Venho d'entre as ruinas e das chammas,
Onde tudo perdi. Sabeis a historia,
Que o vosso coração ainda contrista.
Perdoai a vaidade ao pobre artista...
Eu sonhava essa noite com a gloria.

Monstruosa ironia! A gloria! A gloria!
Tive por ovação prantos, clamores.
Ossadas por cortejo. O incendio e a fama
Disputaram ali. Venceu a chamma.
Eram chammas o palco e os bastidores...

E ali n'essa sinistra apotheóse
Ficaram sepultados meus thesoiros,
Amigos que eu perdi,—tão dedicados!
Minha pobre familia,—os meus cuidados,
Doces cuidados que eu pref'ria aos loiros!...

Sou agora a mim proprio quasi extranho,
Um viajante perdido no deserto,
N'esse infindo deserto da saudade.
Sinto ainda a desgraça muito perto...
Mas sinto ainda mais perto a caridade!

Se vivo, é só por ella. Em seu regaço
Choro o meu abandono, as minhas dôres.
Refunde-se a minha alma em muitas almas,
Vale um consolo o que não valem palmas...
Vivo, meu Deus! graças a vós, senhores!...[{118}]

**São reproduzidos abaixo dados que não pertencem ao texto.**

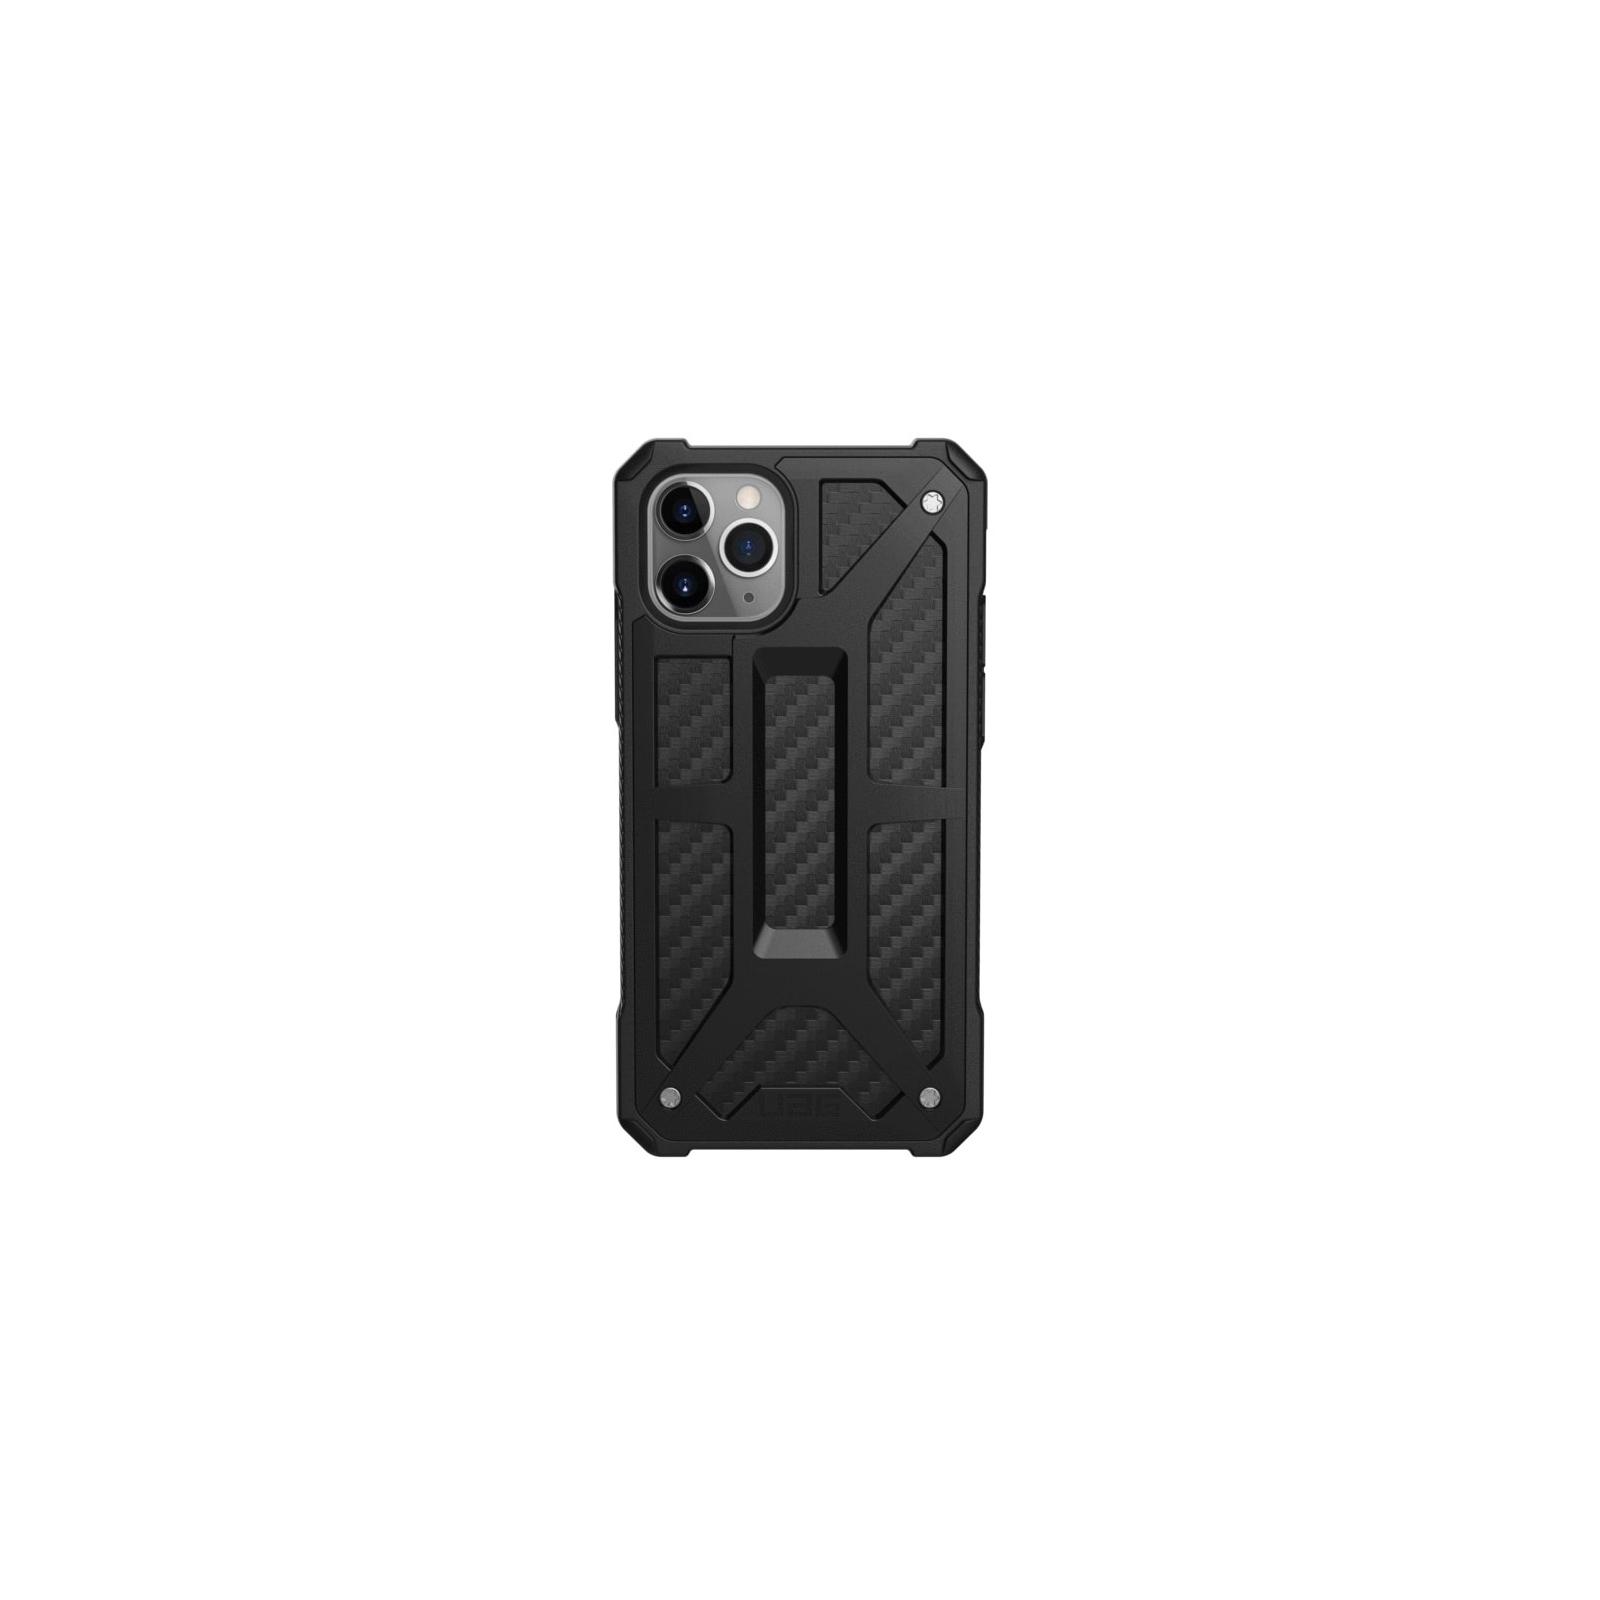 Чехол для моб. телефона Uag iPhone 11 Pro Monarch, Carbon Fiber (111701114242)

UMA DAS VICTIMAS DO INCENDIO

(Etelvina Julia d'Almeida.)

Vi-a n'um baile, ha muitos annos, quantos!
Da sua face bella as frescas rosas
Deviam ter suavissimos encantos
Se os beijos, namoradas mariposas,
Fossem sorver, ha muitos annos, quantos!
Da sua face bella as frescas rosas.

Mas quem hontem logrou reconhecel-a
Entre as negras ruinas sepultada?...
Mas quem poude affirmar, dizer: É ella!
Ella que fôra outr'ora alva e rosada!
Já não poude ninguem reconhecel-a
Entre as negras ruinas sepultada.

1.º DE DEZEMBRO

Filippa de Vilhena!
João Pinto Ribeiro!
Palavra, que faz pena
Ver o despenhadeiro
Em que isto agora vae!
E como o paiz cae!

Agora é só dinheiro.
Está campando em scena
Sómente o deus Milhão!
Filippa de Vilhena!
João Pinto Ribeiro!
Palavra, que faz pena...
Agora é só dinheiro...
E os que lá vão lá vão!

1887.[{119}]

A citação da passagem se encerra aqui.